## [Task directions]
For the records below, copy exactly the span that begins at the line containing "Umplutură de hârtie" and stops after the line containing "NEWLINE IMOTION KOLENAČKY", minus any pictures.

## [Data provided]
******************************

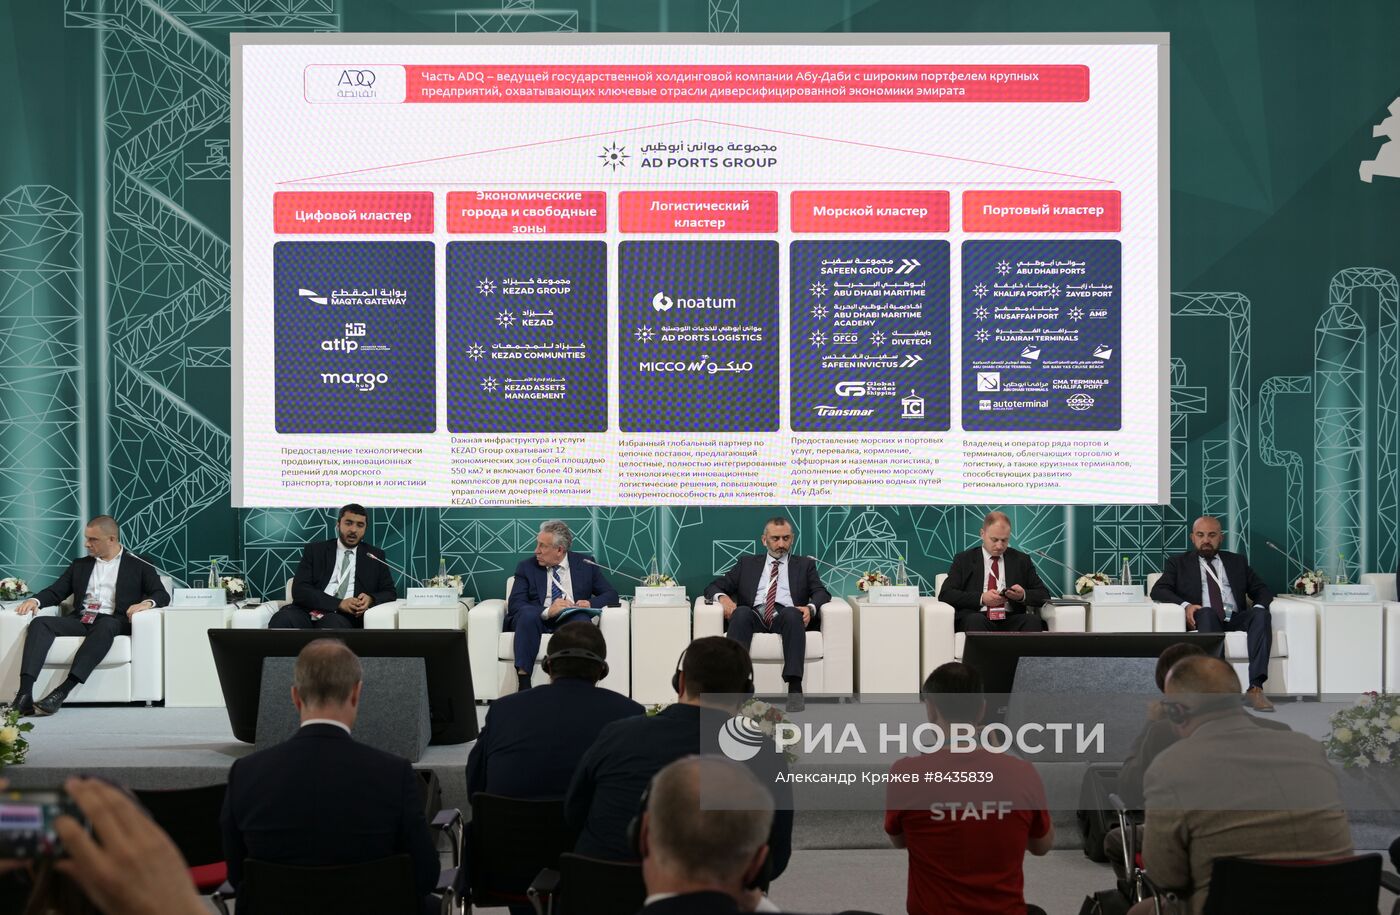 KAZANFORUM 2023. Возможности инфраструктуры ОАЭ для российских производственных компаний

******************************

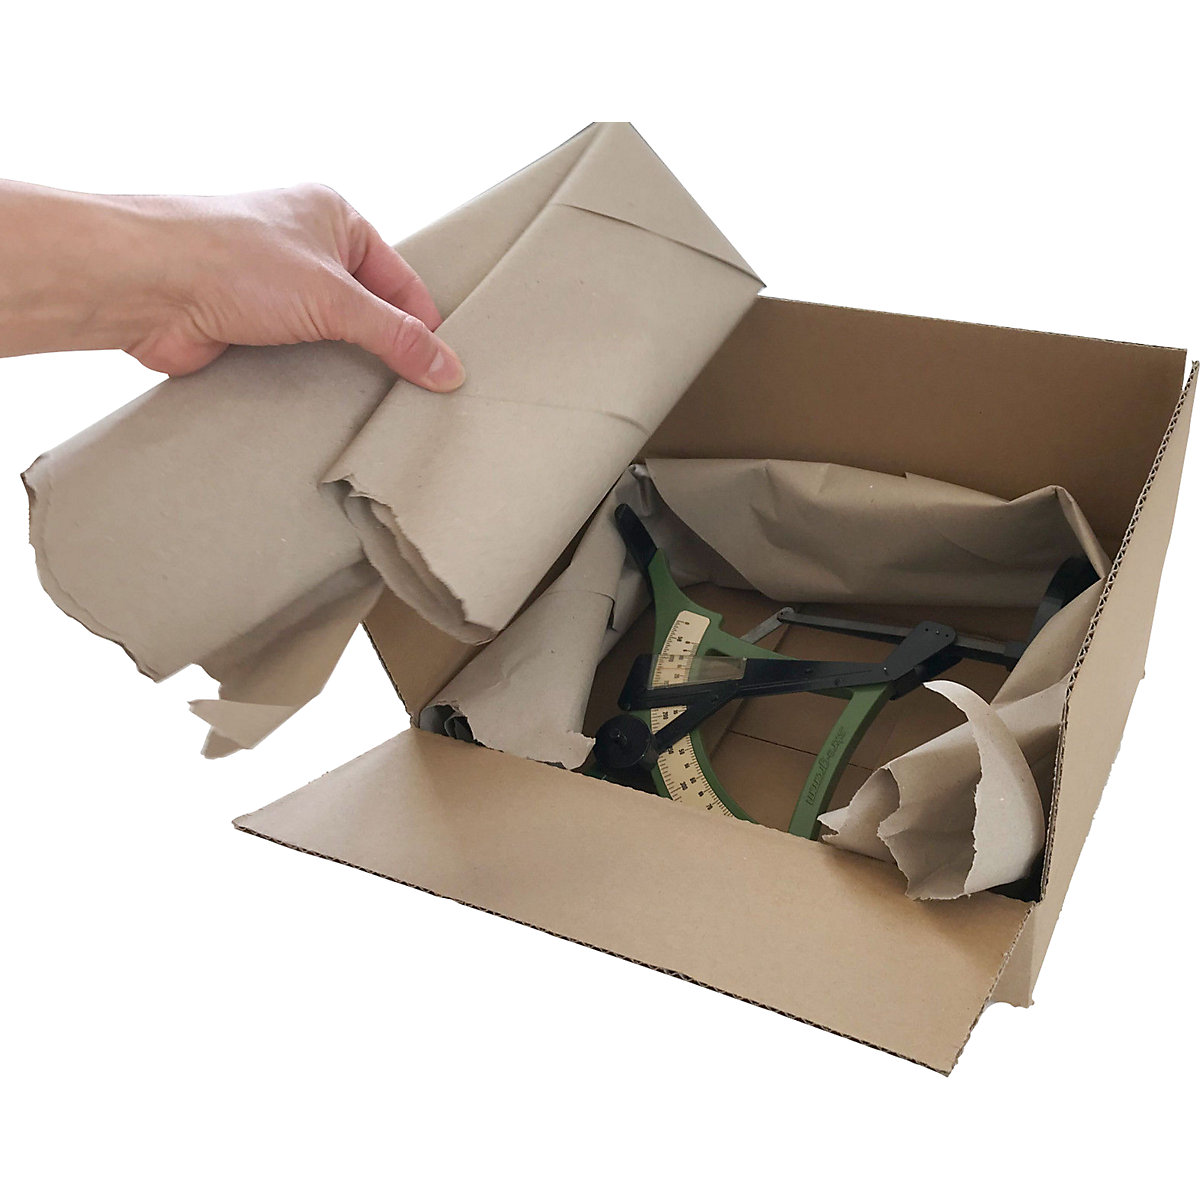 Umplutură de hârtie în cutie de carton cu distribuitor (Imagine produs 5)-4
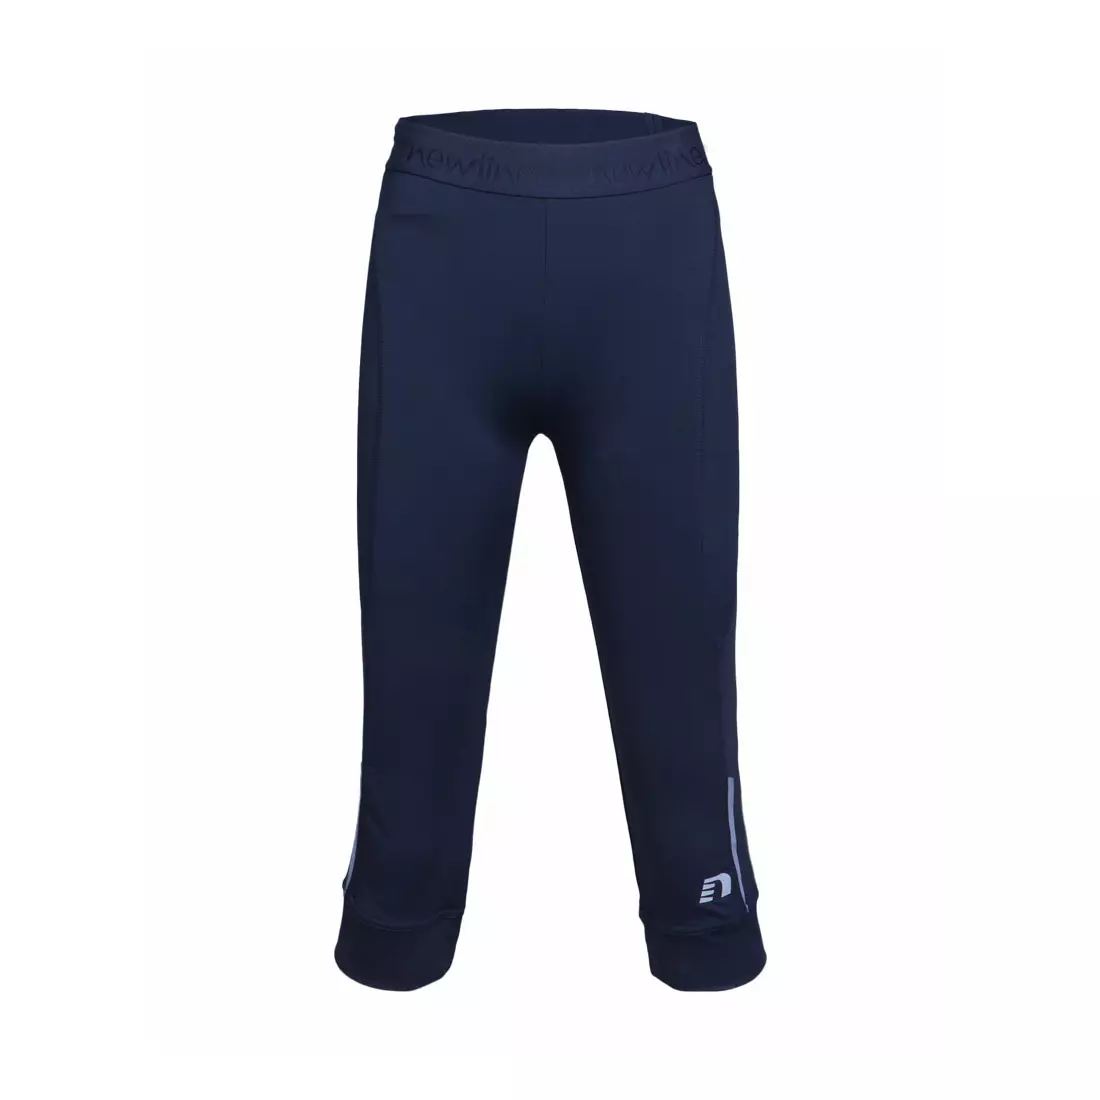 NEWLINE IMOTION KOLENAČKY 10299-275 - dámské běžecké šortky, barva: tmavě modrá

******************************

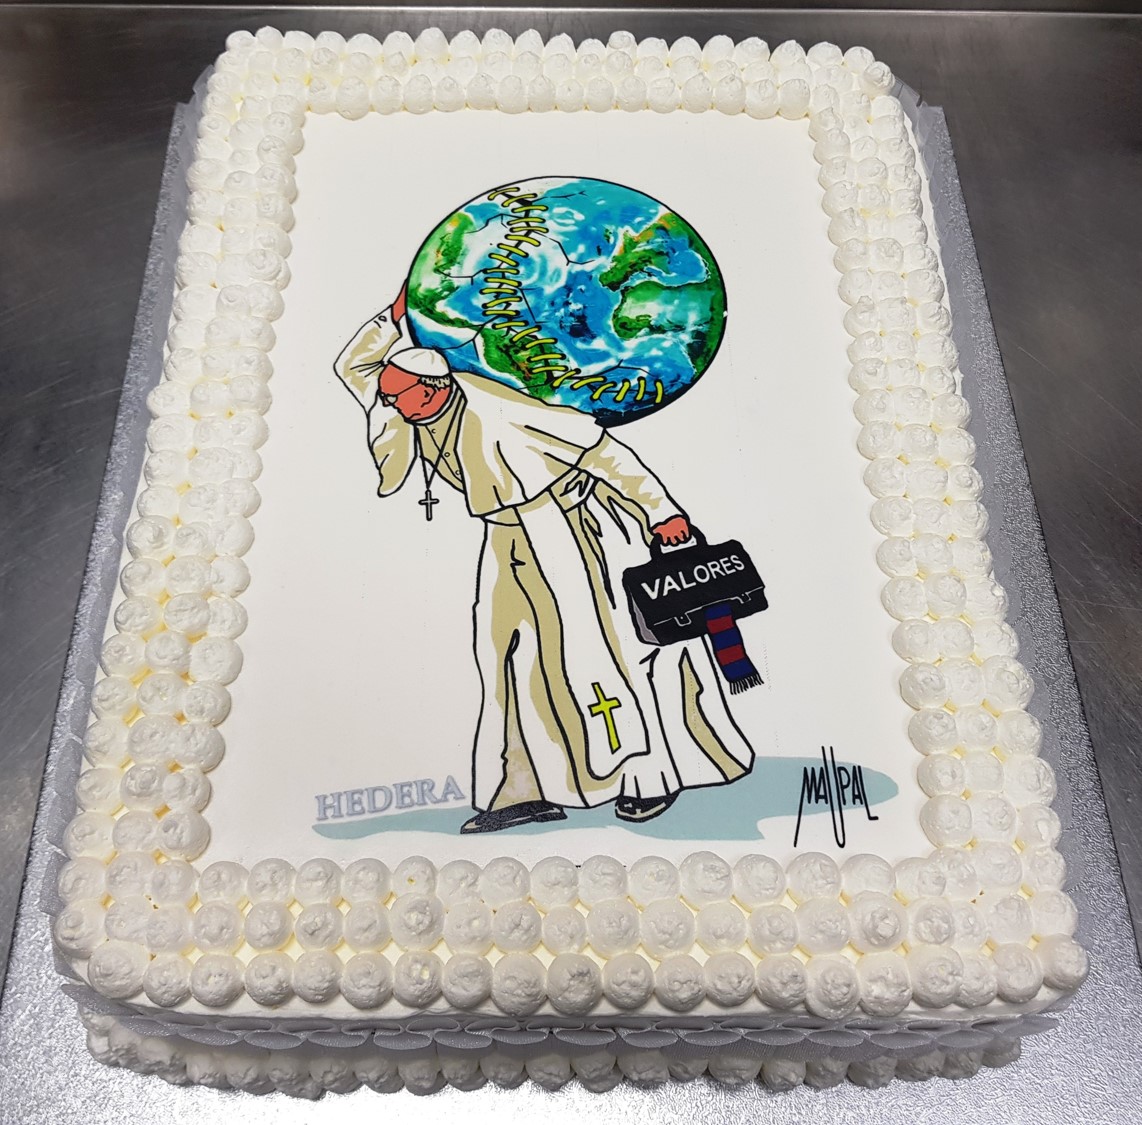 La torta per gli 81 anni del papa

******************************

## [Response to the task]
 Umplutură de hârtie în cutie de carton cu distribuitor (Imagine produs 5)-4
 NEWLINE IMOTION KOLENAČKY 10299-275 - dámské běžecké šortky, barva: tmavě modrá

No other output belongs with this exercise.